2 April 2021

A question that I’m constantly getting asked is how I got started in interior design and how I shifted careers to become a designer. I think that this is a very popular question because everyone thinks that interior design is this fun, dream career that they want to get into – and don’t get me wrong, it definitely is! But, it’s a lot of work and isn’t just picking out what throw pillows look best for a living room.

Baand Castleridge 13

Photography by Molly Culver

Right out of college, I started working in the entertainment industry in Los Angeles, eventually moving back to Austin 7 years later with my husband and continuing to work in entertainment. Having a career in interior design never crossed my mind; I just thought of it as a hobby. On the weekends, I would help my friends and family decorate their homes. I kept having this recurring thought telling me to leave my day job and do something entrepreneurial, to show my young daughters that they can achieve anything that they put their minds to. I then came to realize that interior design was the perfect opportunity for me. 

Powder Room

Photography by Ryann Ford

I started going to night school at the Interior Design Institute, while still working in the entertainment industry. Between work and school, I began working on a business plan to launch my own design firm. Everything came together so fast – I was scared and nervous. It felt like a huge risk to leave my successful position in sales. Nonetheless, I was confident that I had an eye for design and understood how to manage a business (thanks to my past careers and education), so next thing I knew, BANDD DESIGN was launching with a few clients under my belt.

Bandd Julius 3

Photography by Molly Culver

What Was Helpful For Me In Getting My Business Going

Write a business plan. Create a roadmap for where you want to be in 3-5 years and how you want your business to function.

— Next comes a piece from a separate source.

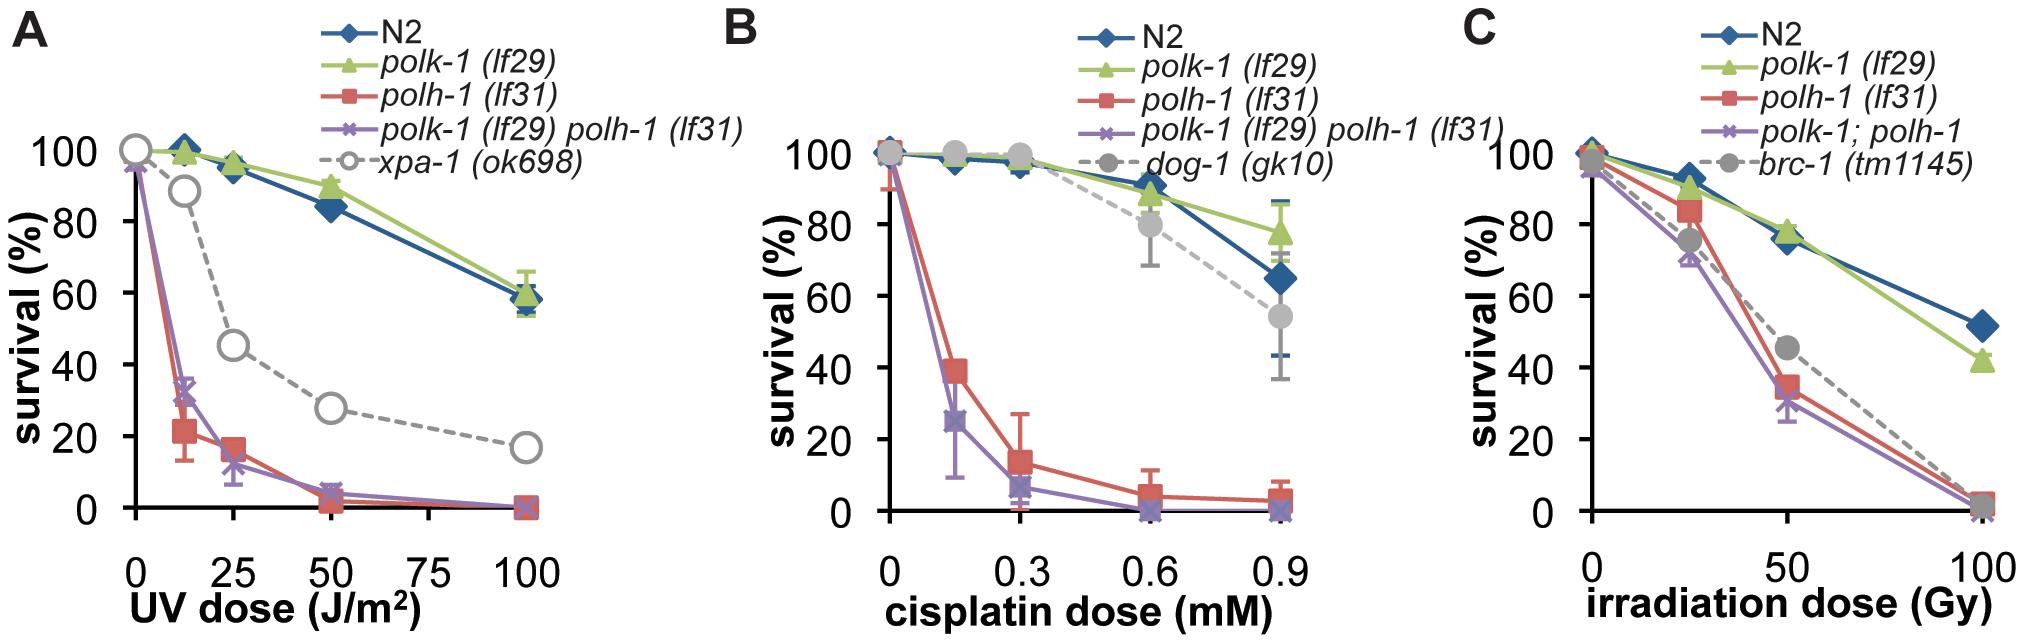 Germline sensitivity of <i>polh-1</i> and <i>polk-1</i> mutants to different sources of DNA damage.

Hire a graphic designer to kick off your website, brand identity, and logo. Don’t waste your time trying to figure out this stuff and just focus on what you need to be doing. There are so many talented graphic designers who are experts at capturing your brand’s aesthetic and translating that on your platforms. This was an investment but it was 100% worth it. 

Don’t try to be a photographer, just hire a professional. Especially when you’re first starting off, get high resolution images for every project to build your portfolio – even if it’s photos of your own home!

Social media, duh! Of course I knew how important this would be, but as a one-woman company, I didn’t have the bandwidth to keep up with it as much as I needed to be. I hired an external marketing team to help me post and engage on Instagram and they were extremely helpful in getting me more followers and brand awareness.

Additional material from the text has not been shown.